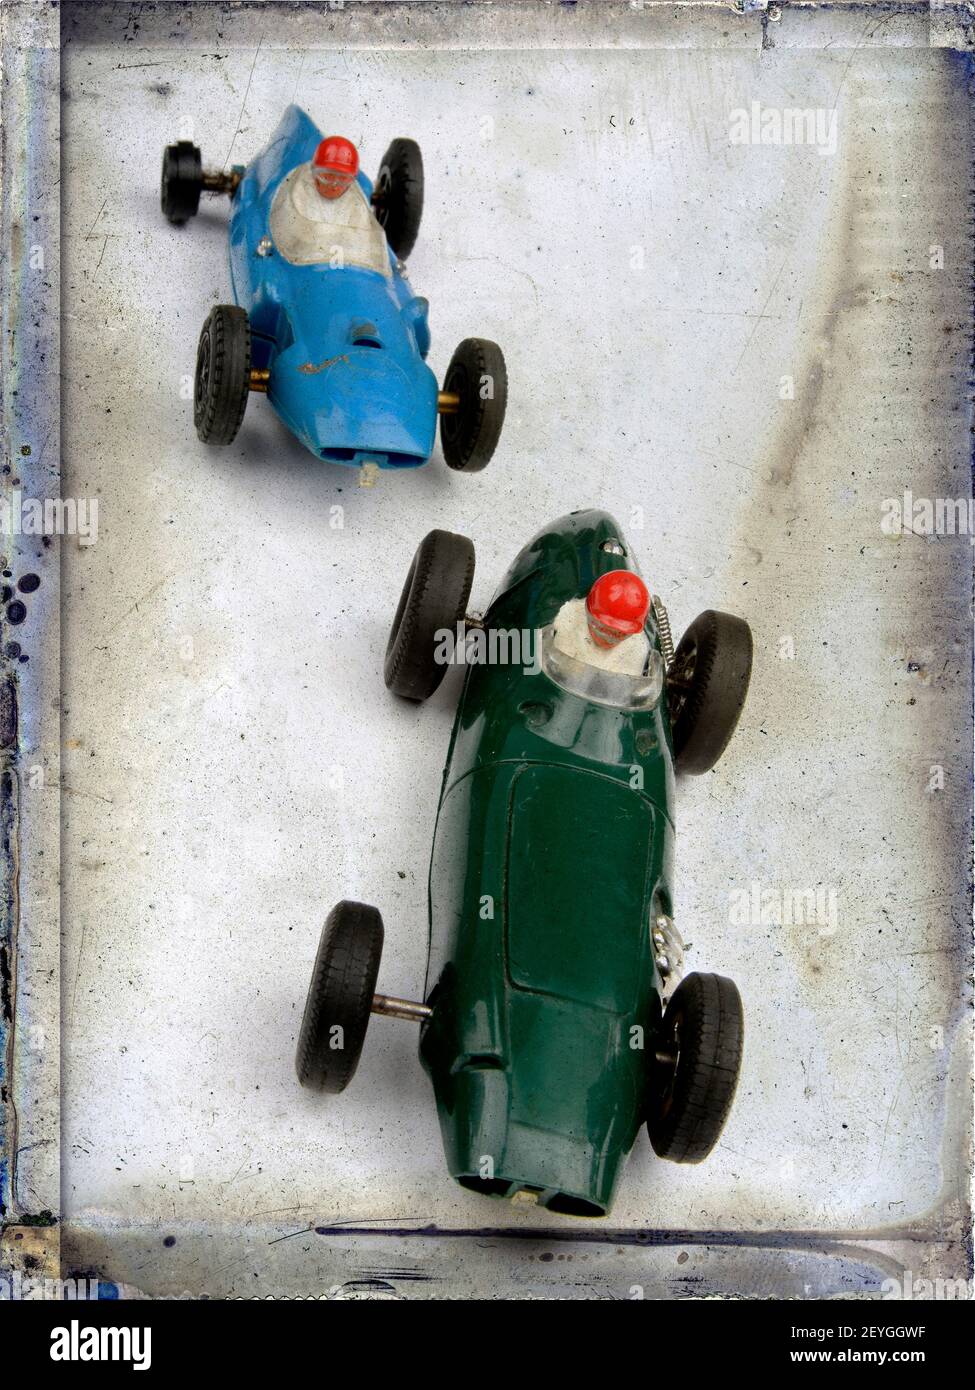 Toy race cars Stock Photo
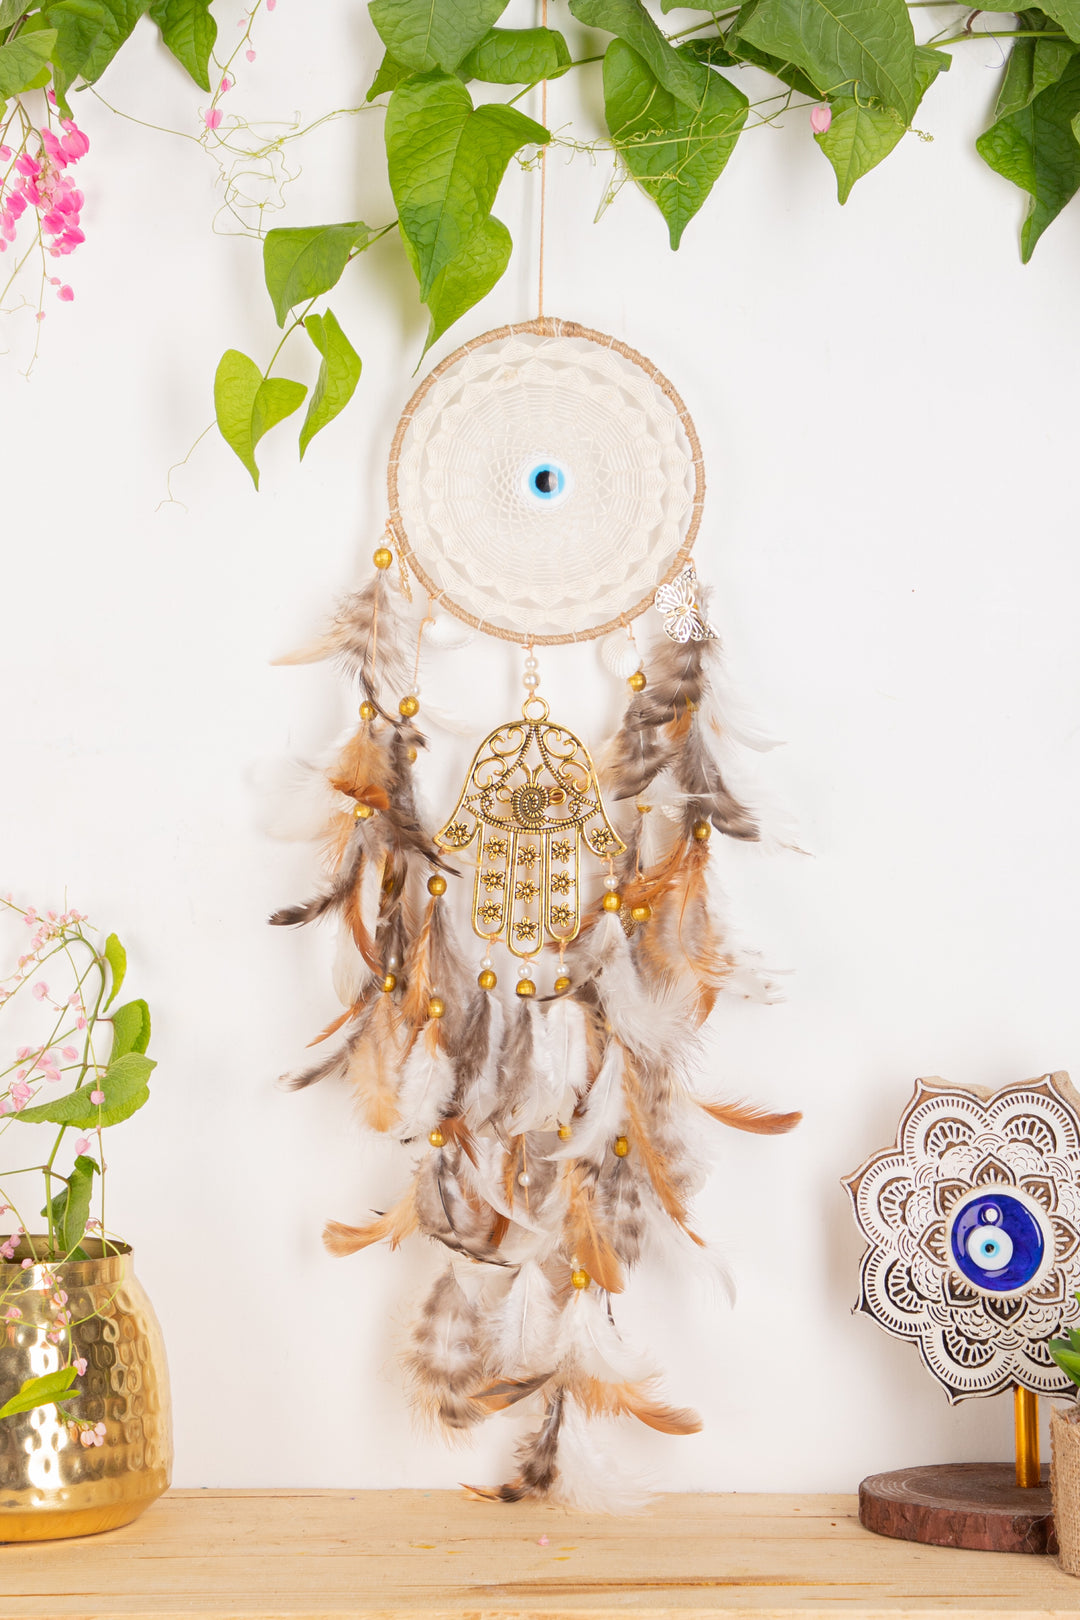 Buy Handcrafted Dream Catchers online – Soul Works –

══════════════════════════════

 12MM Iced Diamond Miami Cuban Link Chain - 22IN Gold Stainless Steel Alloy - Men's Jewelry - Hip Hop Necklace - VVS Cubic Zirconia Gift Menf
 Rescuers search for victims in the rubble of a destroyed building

══════════════════════════════

WORK ORDER
Copy back the listing above exactly, but only from the line with "12MM Iced Diamond" through the line with "Rescuers search for", both ends included.

ANSWER SPACE
 12MM Iced Diamond Miami Cuban Link Chain - 22IN Gold Stainless Steel Alloy - Men's Jewelry - Hip Hop Necklace - VVS Cubic Zirconia Gift Menf
 Rescuers search for victims in the rubble of a destroyed building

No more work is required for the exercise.